Why is it that preferential treatment is shown exclusively to whites and lighter skinned blacks in Jamaica? It should come as no surprise that most Jamaicans are ashamed of being black and wish to extinguish all traces of blackness from their consciousness. Much of the time, Jamaicans do this by contracting marriages amongst mulattoes and European whites in a vain attempt to deliberately whiten themselves by whitening their socio-economic status and the skin colour of whatever future descendents they may have. From a psychoanalytic point of view, many Jamaicans, through an act of passive-aggressive displacement, take their violent hatred of black history and culture out on other defenceless and vulnerable blacks by, for example, brutalizing and violating the human rights of Haitian and Dominican asylum seekers (by unjustly forcing them into what appear to be internment centres that resemble “concentration camps”), as well as practicing racial discrimination against other visitors of African descent.

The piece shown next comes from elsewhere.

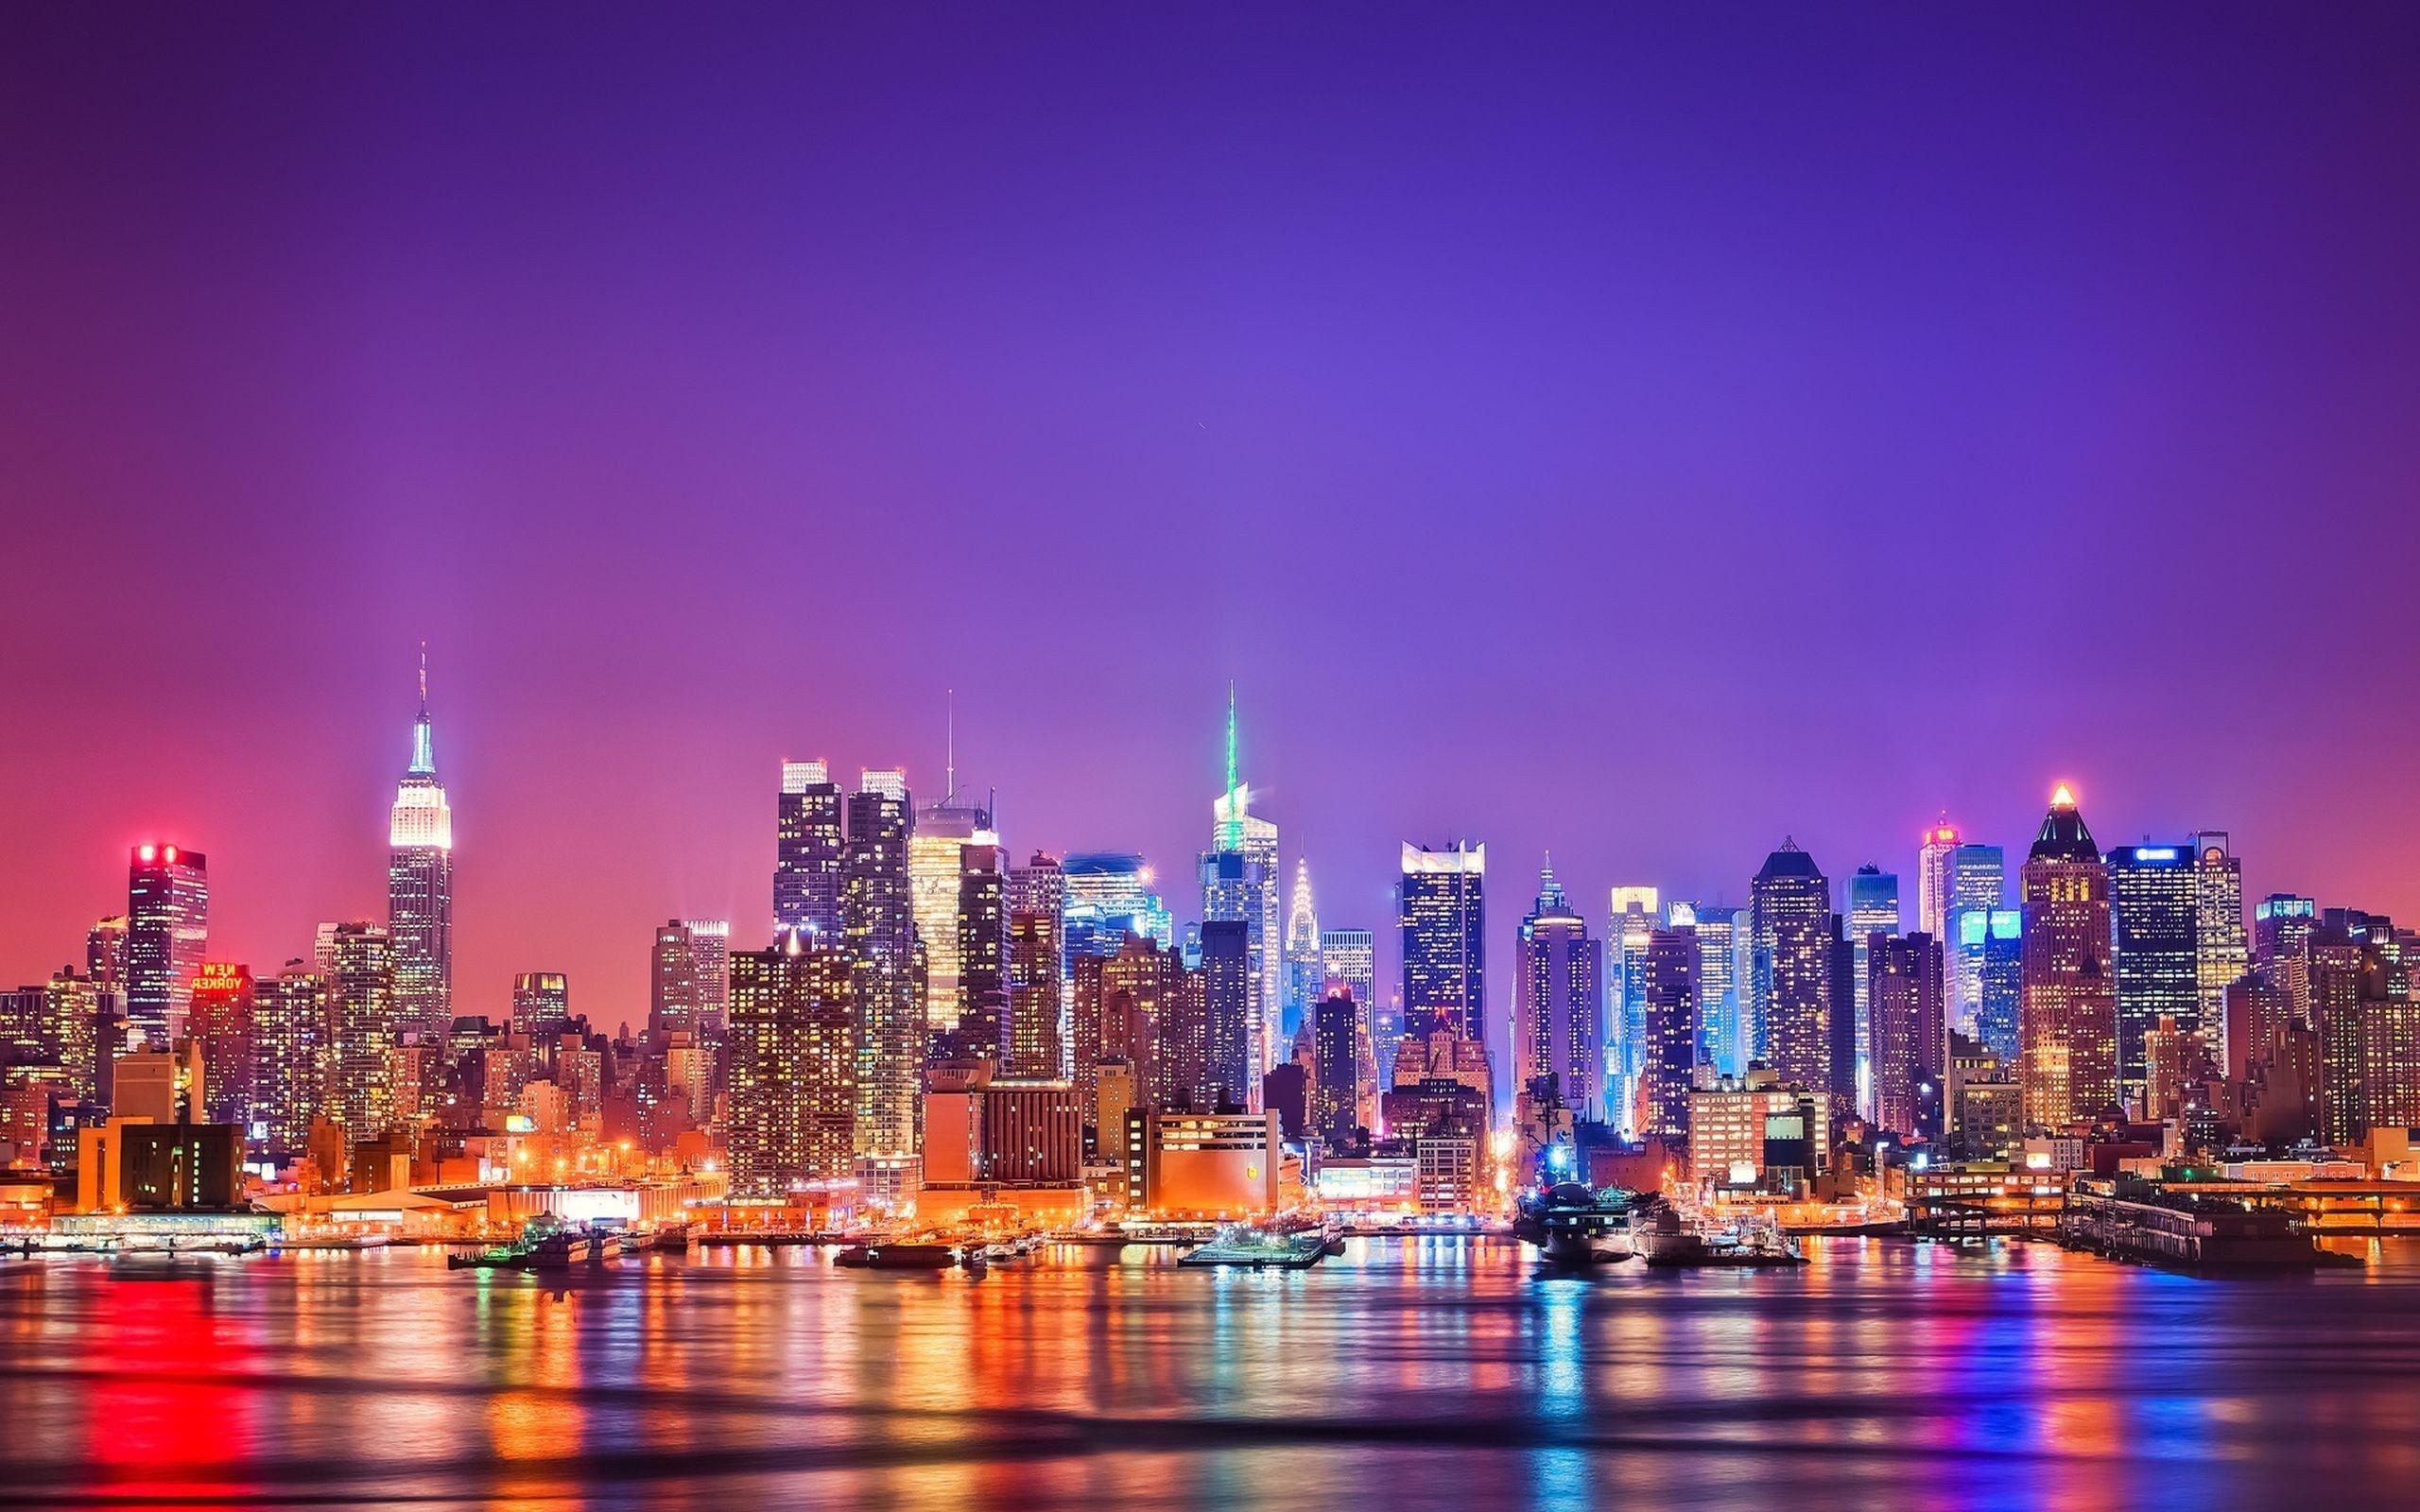 New York City Skyline Hd Wallpaper Ololoshenka New York City

To conclude, I sincerely believe that Jamaica is frequently singled out as a lone Island of Hatred, amidst a sea of love and tolerance, because not all of Caribbean culture can be characterized as possessing the same kind of institutionalized anti-black hatred that is so typical of Jamaican society. In the Francophone West Indies, there was an ideological movement known as Negritude that had far reaching socio-political ramifications for black people on a global level, being the inspiration behind the achievement of independence in many West African nations. Many French West Indian authors, such as Aime Cesaire and Frantz Fanon are still internationally read and treasured for their wisdom by blacks in Africa, Europe, and the Americas. However, Jamaica is unusual in this regard; it has never produced a sustained ideological movement of black consciousness on its own soil, neither has it ever produced any great writers that have been able to probe the depths of the black experience throughout the Americas and Africa (with the lone exceptions of Rastafarianism, a fringe cult, and Marcus Garvey in the 1920s, whose movement was short lived and confined in both reach and influence to the United States). On the basis of the afore-mentioned evidence, I have been led to the conclusion that this is because of the enormous hatred that Jamaicans harbour towards black culture and African people.